In this study, the utility of both chemical inactivation and heat inactivation in the detection of SARS-CoV-2 RNA by real-time RT-qPCR was tested. The SARS-CoV-2 E primer-probe set was useful for both chemical and heat inactivation using COVID-19 nasopharyngeal swab samples. In concordance with a previous study that also used nasopharyngeal swab samples [18], heat inactivation decreased the sensitivity for N gene real-time RT-qPCR. Unlike other chemical inactivation methods that use lysis buffers (e.g., AVL and Trizol), this study used DNA/RNA Shield™ as an inactivating viral transport medium, as it can both inactivate and preserve viral RNAs and has been cleared for use as a transport medium for COVID-19 testing [19]. Both inactivation methods detected SARS-CoV-2 in acute COVID-19 clinical samples with no significant reduction in detection levels. Using two different inactivation methods, in DENV-2 samples, both methods detected viral RNA up to 5 × 101 PFU/mL, with heat inactivation having minimal impact on real-time RT-qPCR detection levels. The results suggested that these inactivation methods have the potential to reduce the risk of exposure while collecting, transporting, and processing samples with little impact on detection rates for DENV and SARS-CoV-2. As such, the inactivation methods could present a more practical method, especially in resource-limited settings, due to its simplicity in sample handling and as it does not require purchase of additional diagnostic reagents, particularly in regions with co-circulation of flaviviruses and SARS-CoV-2.

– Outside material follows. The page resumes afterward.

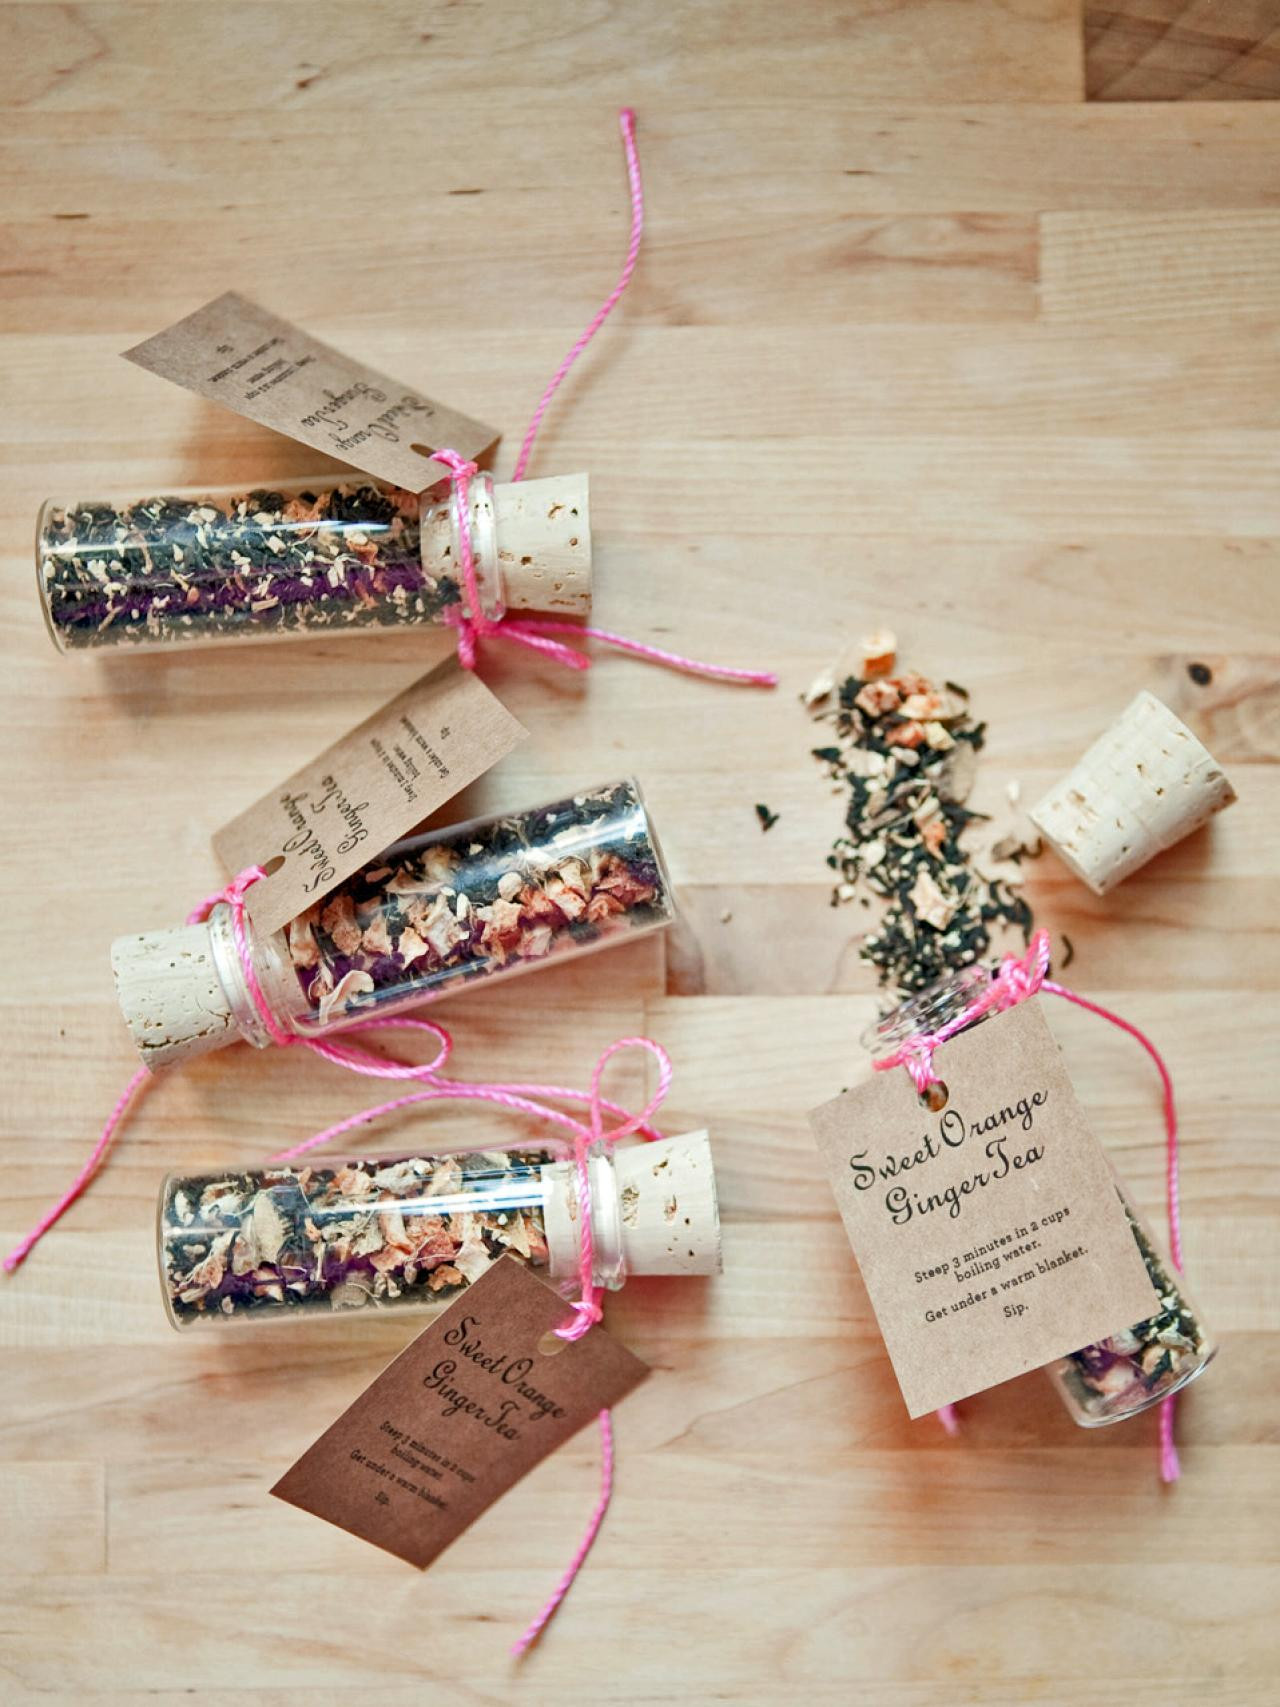 Christmas Party Favor Ideas
 30 Festive DIY Holiday Party Favors

Apart from inactivation methods, the utility of direct real-time RT-qPCR on chemical- and heat-inactivated samples for the detection of SARS-CoV-2 and DENV-2 RNA was also determined. Conventional RT-qPCR uses extracted RNA and as such, the viral RNA extraction step is typically needed for RT-qPCR [20,21,22]. However, the viral RNA extraction step is expensive, laborious, and time-consuming, and represents a major bottleneck in diagnostic testing particularly during the peak of the COVID-19 epidemic [16]. While viral RNA extraction is useful for downstream application such as sequencing, in clinical settings during outbreaks, the viral RNA extraction step may limit the number of tests that can be done due to limited resources. Commonly used protocols developed for the detection of the novel SARS-CoV-2 require the use of RNA extraction kits [16,23,24,25]. The employment of RNA extraction in the current diagnostic workflow of COVID-19 not only constitutes significant time delay in sample processing, but also the shortage of reagent supply reducing large-scale testing in most countries. It is therefore crucial to explore other rapid, efficient, and scalable diagnostics assays for screening and surveillance. In this study, real-time RT-qPCR-based testing of SARS-CoV-2, and other representative flaviviruses like DENV-2 can be performed without the use of RNA extraction kits, demonstrating the possible utility of a workflow without the RNA extraction step. Chemical or heat-inactivated clinical samples could immediately be subjected to real-time RT-qPCR without intermediate steps. In this study, to further improve the sensitivity of the direct real-time RT-qPCR assay, the utility of a direct RT-qPCR mix (JENA Direct qPCR Master mix) was used with chemical-inactivated DENV-2 clinical samples. The qPCR Master mix reduces the potential inhibition of clinical samples. There were no significant differences between the levels of RNA detected by using JENA cid-RT-qPCR and the conventional direct ci-RT-qPCR, indicating that this direct qPCR method was compatible for clinical samples at comparable levels with that of conventional real-time RT-qPCR. Notably, loss in sensitivity following direct hi-RT-qPCR was observed as reported in a previous study [26]. Heat inactivation likely causes RNA fragmentation; hence it is important to use primer-probe sets that target shorter amplicons in direct hi-RT-qPCR to detect these RNA fragments.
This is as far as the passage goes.